Thu May 11 17:06:42 2017 - [info] Starting ping health check on 192.168.91.22(192.168.91.22:3306).. --应为这个时候22已经是主库了,所以这里一直ping22是否存在
Thu May 11 17:06:42 2017 - [info] Ping(SELECT) succeeded, waiting until MySQL doesn't respond..
可能遇到的报错
(1) [root@Darren1 .ssh]# masterha_check_ssh --global_conf=/etc/masterha/masterha_default.conf --conf=/etc/masterha/app1.conf
......
Thu May 11 19:42:40 2017 - [info] Connecting to [email protected](192.168.91.21:22)..

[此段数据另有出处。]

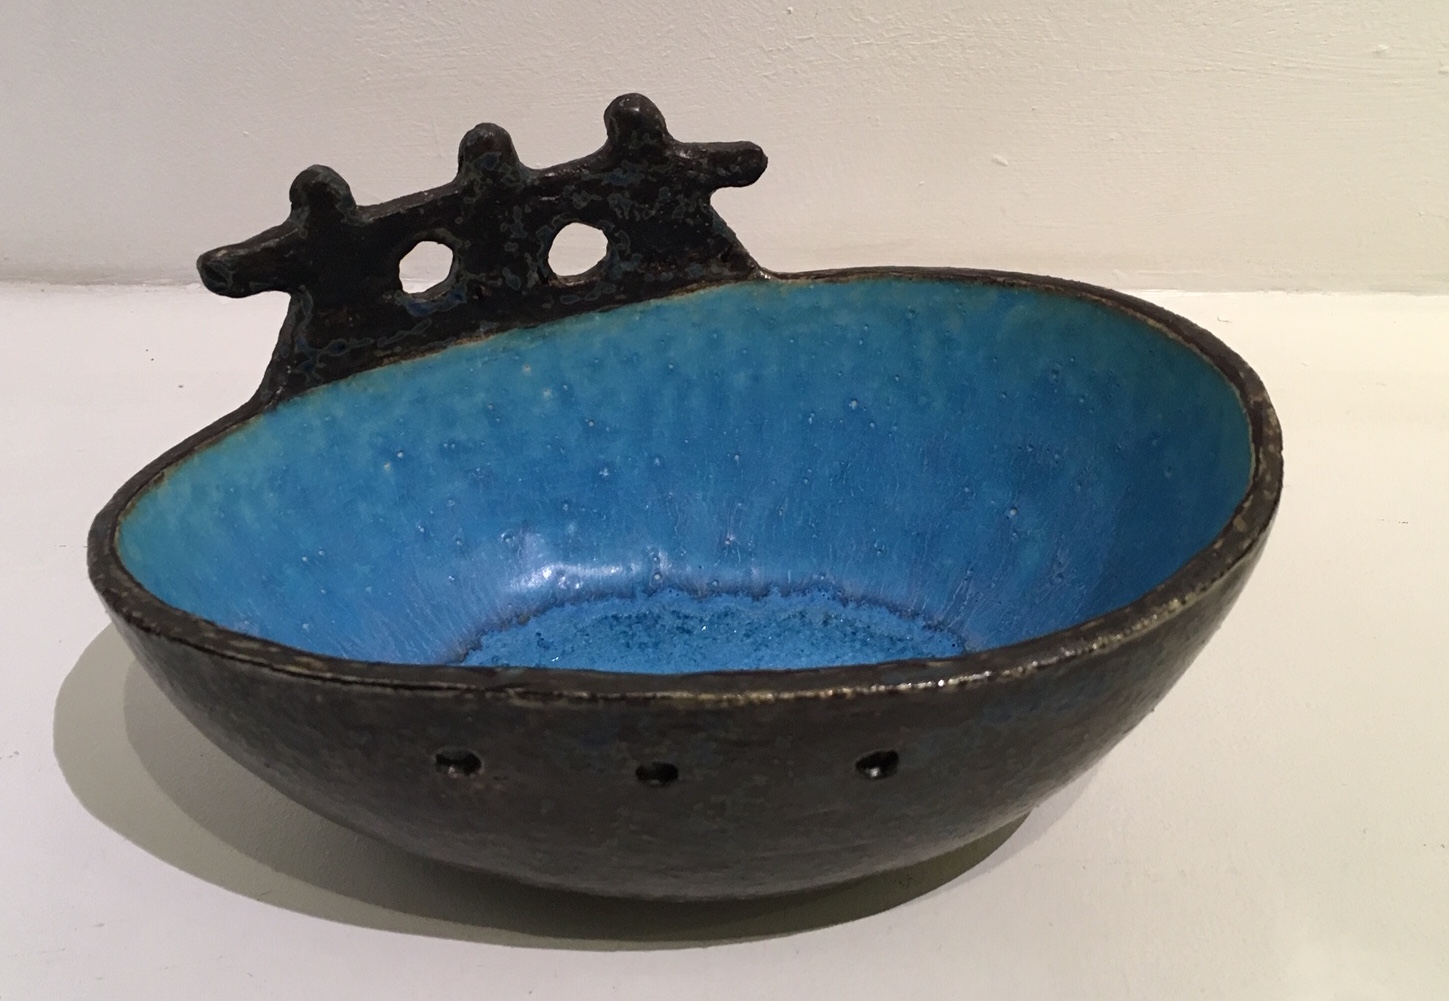  Title: Three Men in a Boat Medium: Ceramic Stoneware

Can't exec "mysqlbinlog": No such file or directory at /usr/share/perl5/vendor_perl/MHA/BinlogManager.pm line 106.
或者执行同样的命令遇到这样的报错:
Testing mysql connection and privileges..sh: mysql: command not found
mysql command failed with rc 127:0!
解决方法:
需要做一个软连接
ln -s /usr/local/mysql/bin/mysqlbinlog /usr/bin/mysqlbinlog
ln -s /usr/local/mysql/bin/mysql /usr/bin/mysql
(2) 在启动masterha_manager的时候可能报错:
[root@Darren1 app1]# tail app1.log
Thu May 11 21:40:18 2017 - [error][/usr/share/perl5/vendor_perl/MHA/MasterFailover.pm, ln309] Last failover was done at 2017/05/11 19:04:14. Current time is too early to do failover again. If you want to do failover, manually remove /var/log/masterha/app1/app1.failover.complete and run this script again.
Thu May 11 21:40:18 2017 - [error][/usr/share/perl5/vendor_perl/MHA/ManagerUtil.pm, ln177] Got ERROR: at /usr/bin/masterha_manager line 65
原因是没有删除app1.failover.complete,rm就好。